Her body and bones



Hands closing over cold ribs, I lay her frame on the rotting boards beneath a drizzling sky. A long-cloistered body unfolds in front of me. She is naked, undone, jagged and stiff in a freezing barn. I smile at the rawness of the day, the vulnerable strips of wood tipped with metal, corrosion clinging to hardware, varnish chipping off delaminating edges. She is a mess. And yet she is mine. 
Mine! (as much as anything can actually be a possession)

I haven’t bought a boat since I was 24 years old. And then it was a partnership, parentship, a ship that would teach me about relating to another human I would spend glorious years with at arms length, both meanings so true, so close and so far. 

This boat is solely mine. A soulful project waiting to work with me as much as I work with her. 
(Can a kayak be a she? I've decided yes; there is no minimum length requirement for the tradition of treating boats as feminine entities.) 

I can feel her tough lines burst through me. She is roughed up at the edges, polish worn to faded yellow and splintering cracks, once-solid metal pieces rotted away. Pieces that may not be replaceable. And she is beautiful. I imagine adventures had and to come. I wonder if she imagined me into buying her from the silver-haired lady in Olympia who told me stories of remote islands and thin sails and the hull stuffed full of food and endless laughter ricocheting over soft waves. 

I piece together the frame and turn the pliable shell over and over, wondering how these bones will fit in the body.

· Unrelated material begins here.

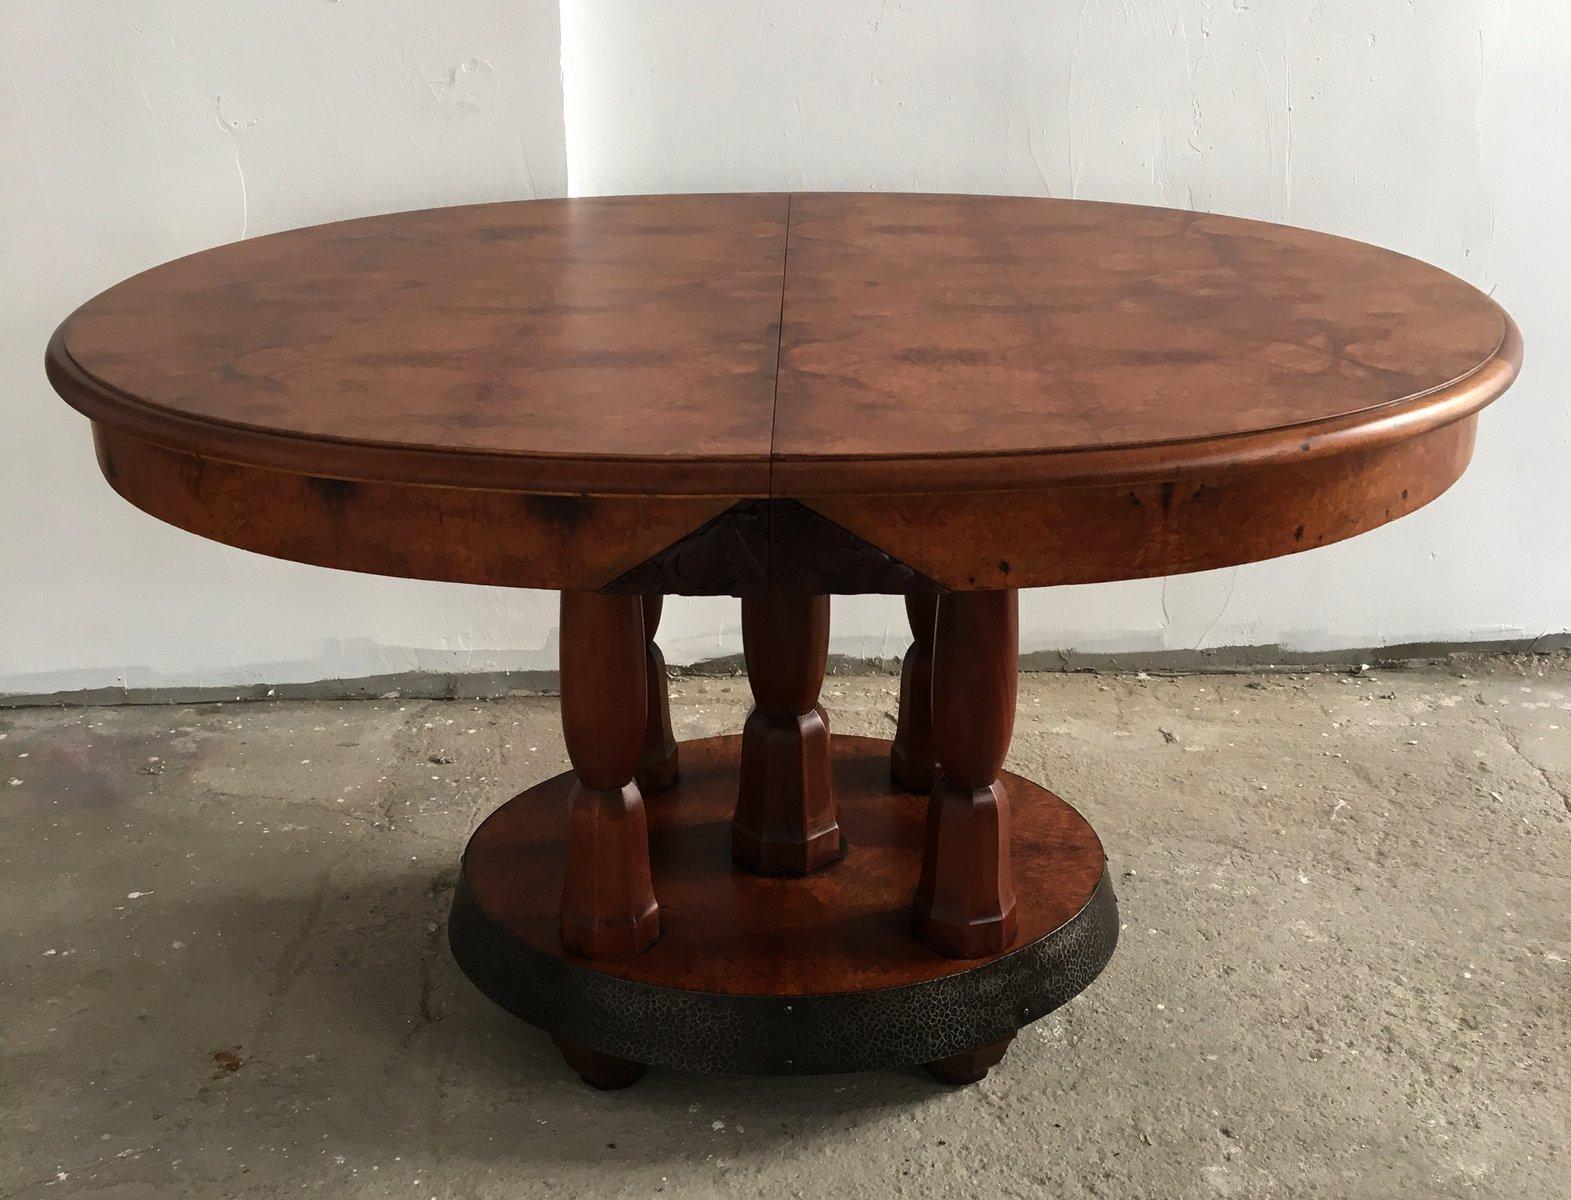 Tavolo da pranzo rotondo art d co in radica di noce e mogano francia anni 39 30 in vendita su pamono - Tavolo da falegname vendita ...

Wondering how my body will fit in these bones, the muscles of my arms dipping paddles into the cold clear blue.

Someday. 

But today, I shift the frame on the boards of the barn and realize that yes, I will need to read the directions. And yes, I can do this by myself. And yes, this is exactly what I need. My boat, my project, my dreams. With that solid foundation, the screws set tight, the rudder in place, I can invite others into my small floating world. We can share dreams and paddles and navigate whirlpools, but I want to know her bones and body first. I want to know the how and why and know that I can float on my own. 

And I do. And I am. And she has found me to put her back together.